Cino da Pistoia. “Sonnet (to Dante Alighieri). He conceives of some Compensation in Death.”

Dante Gabriel Rossetti

General Description

Date: 1848; 1861
Rhyme: abbaaccadefdef
Meter: iambic pentameter
Genre: sonnet


“Introduction to Part II” (in The Early Italian Poets), 206-211

◦ Marti ed., Poeti del docle stil nuovo, 734-735


Editorial glosses and textual notes are available in a pop-up window. Line numbering reflects the structure of the Early Italian Poets text..

Scholarly Commentary


DGR's source text in Ciampi's edition of the Vita e Poesie di Messer Cino da Pistoia (page 98) is fairly corrupt and the translation reflects that fact. For a more reliable text of the original sonnet see Marti (pages 74-75). The translation also deals pretty freely with its bad source so that the final result is a poem that reflects the original only in a remote way.

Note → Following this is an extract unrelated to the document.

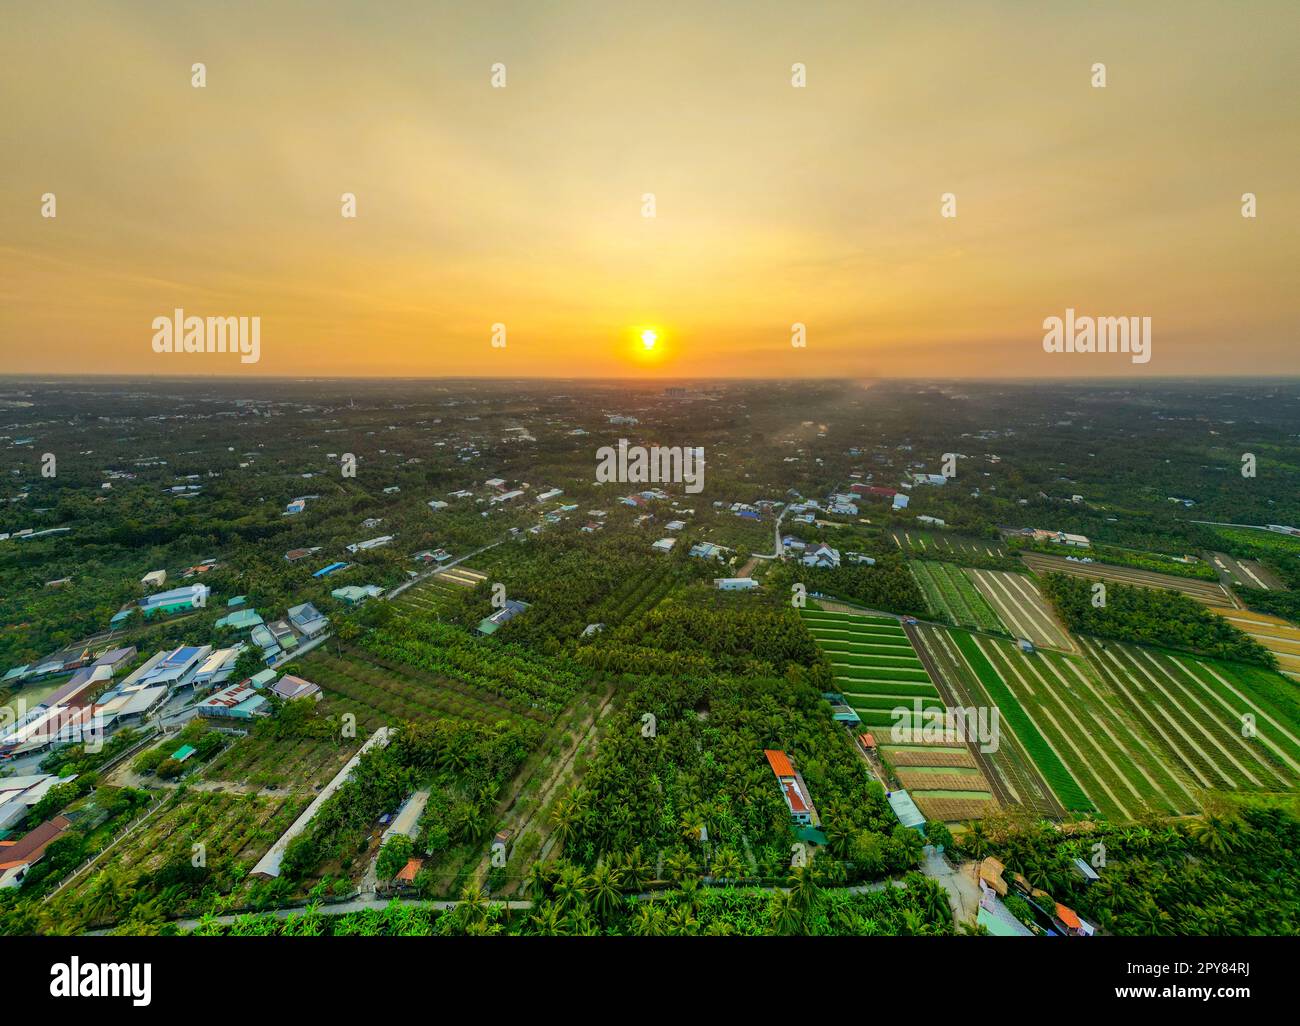 Golden Hour Magic: Breathtaking Sunset Over Tien Giang Province Fields with Serene River and Cityscape in Vietnam Stock Photo

Nevertheless, DGR's sonnet is full of interest. For example, line 8 in the translation distinctly suggests not the idea of resurrection, or of its mortal equivalent, a “new life”, but of reincarnation. The latter was an attractive idea for DGR and it runs as a subtext through the sonnets of “The House of Life”, which is strangely forecast in various respects by this sonnet. Notable is the close relation in which it stands to “The One Hope”, the important culminant sonnet of DGR's sequence; but this sonnet echoes a number of texts in DGR's famous later sequence, and clearly anticipates DGR's treatment of the relation of the Beloved of the sequence and the Innominata. The latter relation, of course, is built upon the model fashioned by Dante in the Vita Nuova between Beatrice and the screen ladies.

Finally, the last two lines of the octave force the translation into the kind of reflexive mode that characterizes so many of DGR's translations, especially those of the poems in the Vita Nuova. As a consequence the first person pronouns in DGR's sonnet acquire a palimpsestic character, with Cino and DGR each playing a ghostly presence to the other.

See also the commentary for the source text.

Textual History: Composition

An early translation, probably 1848. DGR's draft manuscript of the translation survives.

Printing History

The translation was first published in 1861 in The Early Italian Poets; it was reprinted in 1874 in Dante and his Circle.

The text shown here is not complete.